- Occupations: Creative director, illustrator and co-owner and co-founder of Rifle Paper Co.
- Spouse: Nathan Bond
- Website: riflepaperco.com

= Anna Bond (illustrator) =

Chief creative officer, illustrator

Anna Bond is the chief creative officer, illustrator and co-owner of Rifle Paper Co, an international stationery and gift brand. She founded the company with her husband in 2009. As of 2016 the company reported $21.4 million in company revenue and has more than 90 product offerings.

==Career==
Bond received a bachelor's degree in graphic design. After graduation, RELEVANT Media Group hired Bond as an art director.
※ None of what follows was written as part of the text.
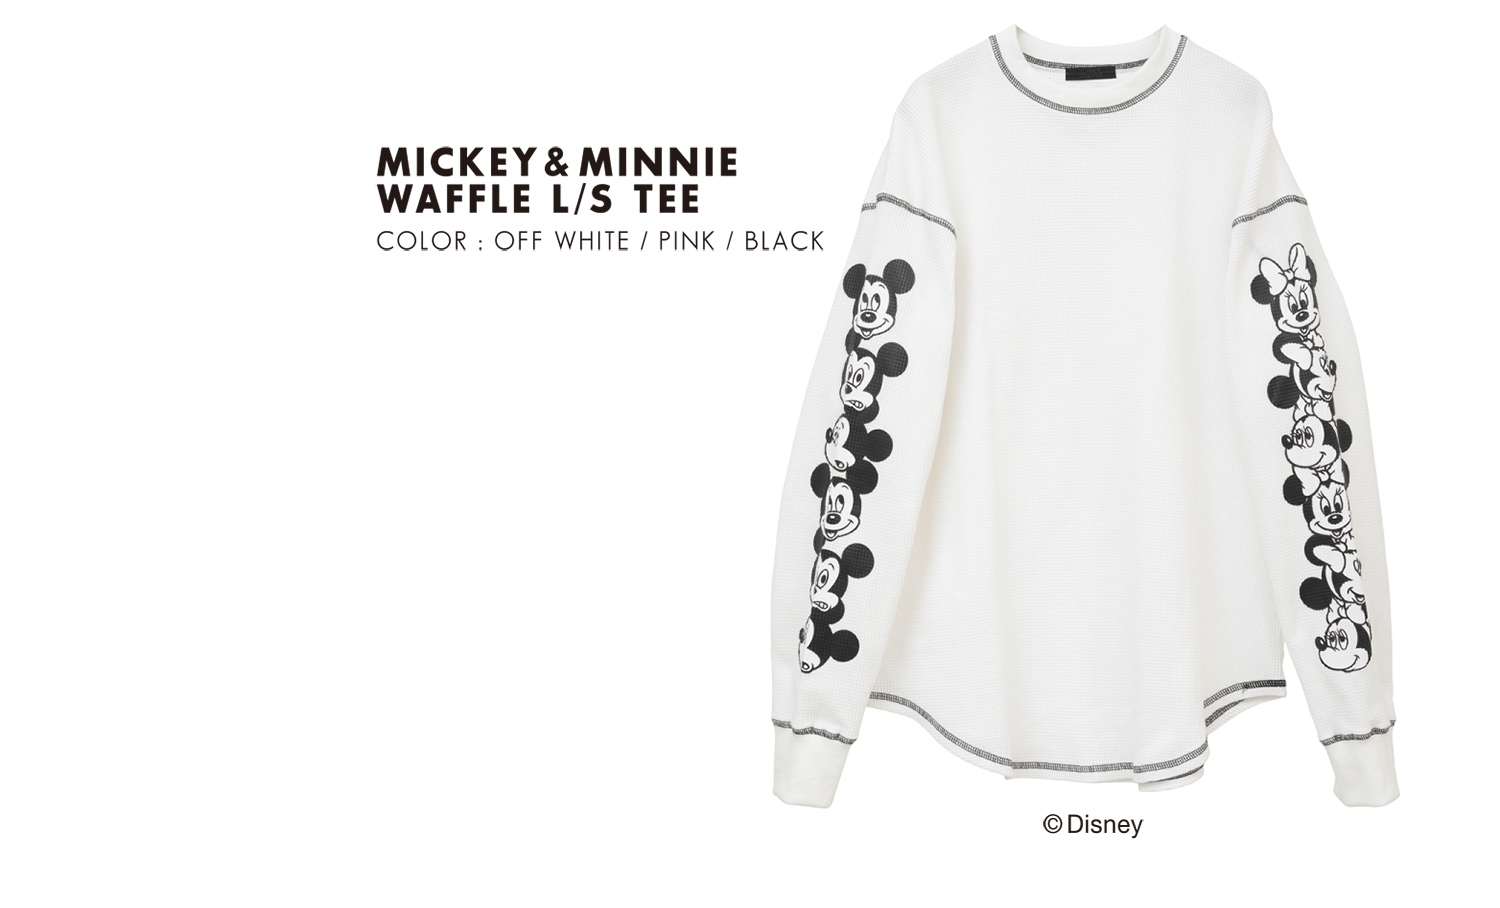 MICKEY & MINNIE WAFFLE L/S TEE

In 2008, she worked as a freelance illustrator and designed posters for Band Marino, her husband's band, as well as multiple clubs. Bond developed a line and established a company after designing wedding invitations for her friends. In November 2009, Bond founded Rifle Paper Co. with her husband Nathan Bond.
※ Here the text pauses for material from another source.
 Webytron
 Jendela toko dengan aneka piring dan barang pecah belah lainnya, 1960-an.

Anna Bond spoke at a CreativeMornings event in January 2013. In February 2015, Bond illustrated the 150th edition of Alice's Adventures in Wonderland. She received the ADC Young Guns 12 award the following month. The award recognizes promising art directors under the age of 30. Bond's illustrations have been featured in publications including Martha Stewart Living; O, The Oprah Magazine; Southern Living; InStyle;Lucky and Real Simple Wedding.

==Personal life==
Anna Bond is married to Nathan Bond and resides in Winter Park, Florida.